When visiting the island and surrounding regions keep in mind that its location close to the equator means that temperatures can often get so high that being aware of sunstroke and strong UV rays is a necessity. Be sure to pack plenty of light cotton clothing as the humidity in the height of the wet summer season can be somewhat oppressive at times.

Take the conditions on Port Louis as a fairly good indicator of what the yearly conditions are like on the island as a whole, though they are more representative on the conditions of the lower lying levels as at higher elevations conditions will vary. Port Louis sees its highest temperatures throughout December to April where daily highs sit at about 29°C to 30°C and minimums very rarely fall below 23°C. Throughout the entirety of the year the average hours of daily sunlight measures 7 to 9 hours per day with October to December seeing the most hours of daily sunlight.

As previously mentioned the 'summer months' are the wet season, so average precipitation is the highest during this period, with January to March seeing in excess of 200mm for the month and rain well fall on about 11 to 12 days in the month.

On the island as a whole the south and south east coasts are exposed to the prevailing south easterly trade winds, so these coasts receive almost twice as much rain as the coast that Port Louis lies on.
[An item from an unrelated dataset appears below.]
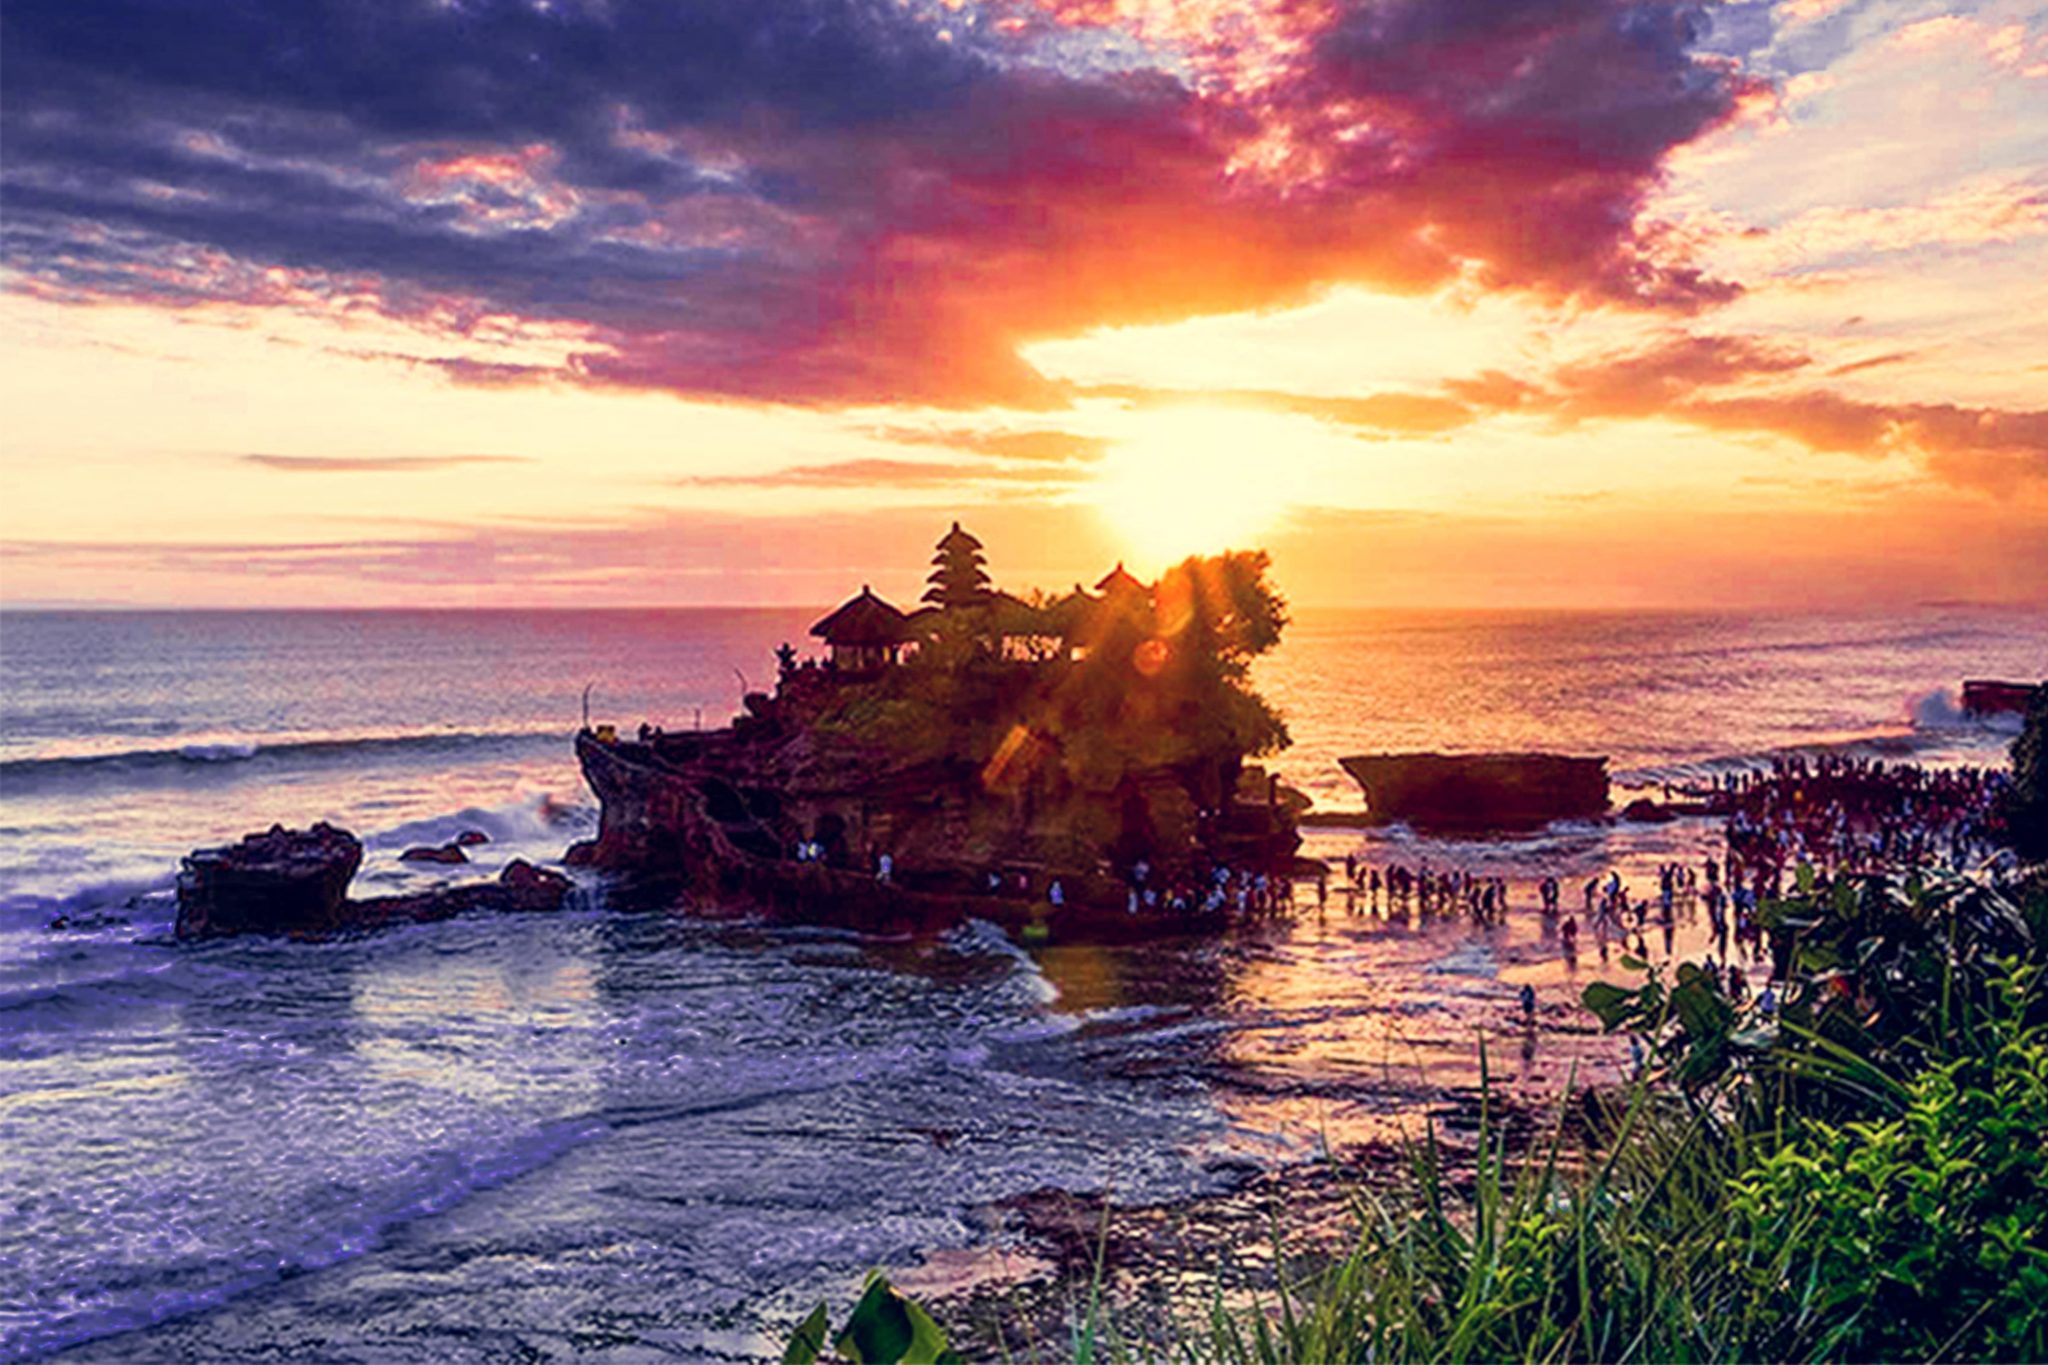 Tanah Lot Sunset Tour Experience Bali With The Best Tour Packages From Local Experts

So in terms of rainfall Port Louis is a good spot to pick if travelling during the wet season because it receives the least rain of anywhere else on the island and the rainfall isn't as torrential- at higher altitudes the rain that falls is strong and heavy.

Mauritius is seemingly devoid of off peak and on peak seasons, because it is a pretty desirable location at any time of the year. Though the Christmas-New Year period is generally much busier than any other time of the year. Also keep in mind that August is when the French school holidays occur so the island does get slightly busier during this time and prices may be hiked to peak season levels.

Mauritius doesn't really have high and low seasons. The situation is more dependent on outside factors (such as the French school holidays, which cause a big increase in demand and prices in August).

Weather Hazards

The period, particularly from November to April is when the island is subject to tropical hurricanes, so keep this in mind if visiting during this time. 1994 and 2002 have been the two worst cyclones in recent years when cyclone Hollanda (94) and Dina ravaged the island.

In 1994 on February 10th the cyclone Hollanda struck Mauritius with winds of up to 100mph. Hollanda destroyed and severely damaged 450 homes, which left 1500 people homeless. High winds left half of the island without power and nearly half of the island's sugar crops were destroyed. Overall, it was estimated that Hollanda caused $135 million in damage and killed two people.

To make things worse about a week after the cyclone struck, Cyclone Ivy hit the island, although to a lesser degree. The freak cyclone caused a large amount of rainfall, with over 741mm of rainfall recorded at Grand Coude.

On December 26th, 2004, 14 countries in Southeast Asia and Southern Africa were devastated by the Sumatra Tsunami, killing over 230,000 people. The tsunami was caused by a 9.0 magnitude earthquake, which created waves up to 30 metres high.

However, when the waves eventually reached Mauritius at approximately 13:00pm they significantly reduced in size and strength, therefore causing little damage to the island, although Cap Malheureux Beach located in the north of Mauritius was submerged with sea water for nearly three hours.

The Sumatra-Andaman earthquake was recorded as the third largest earthquake to ever occur in history, so Mauritius was extremely lucky to escape with hardly any damage.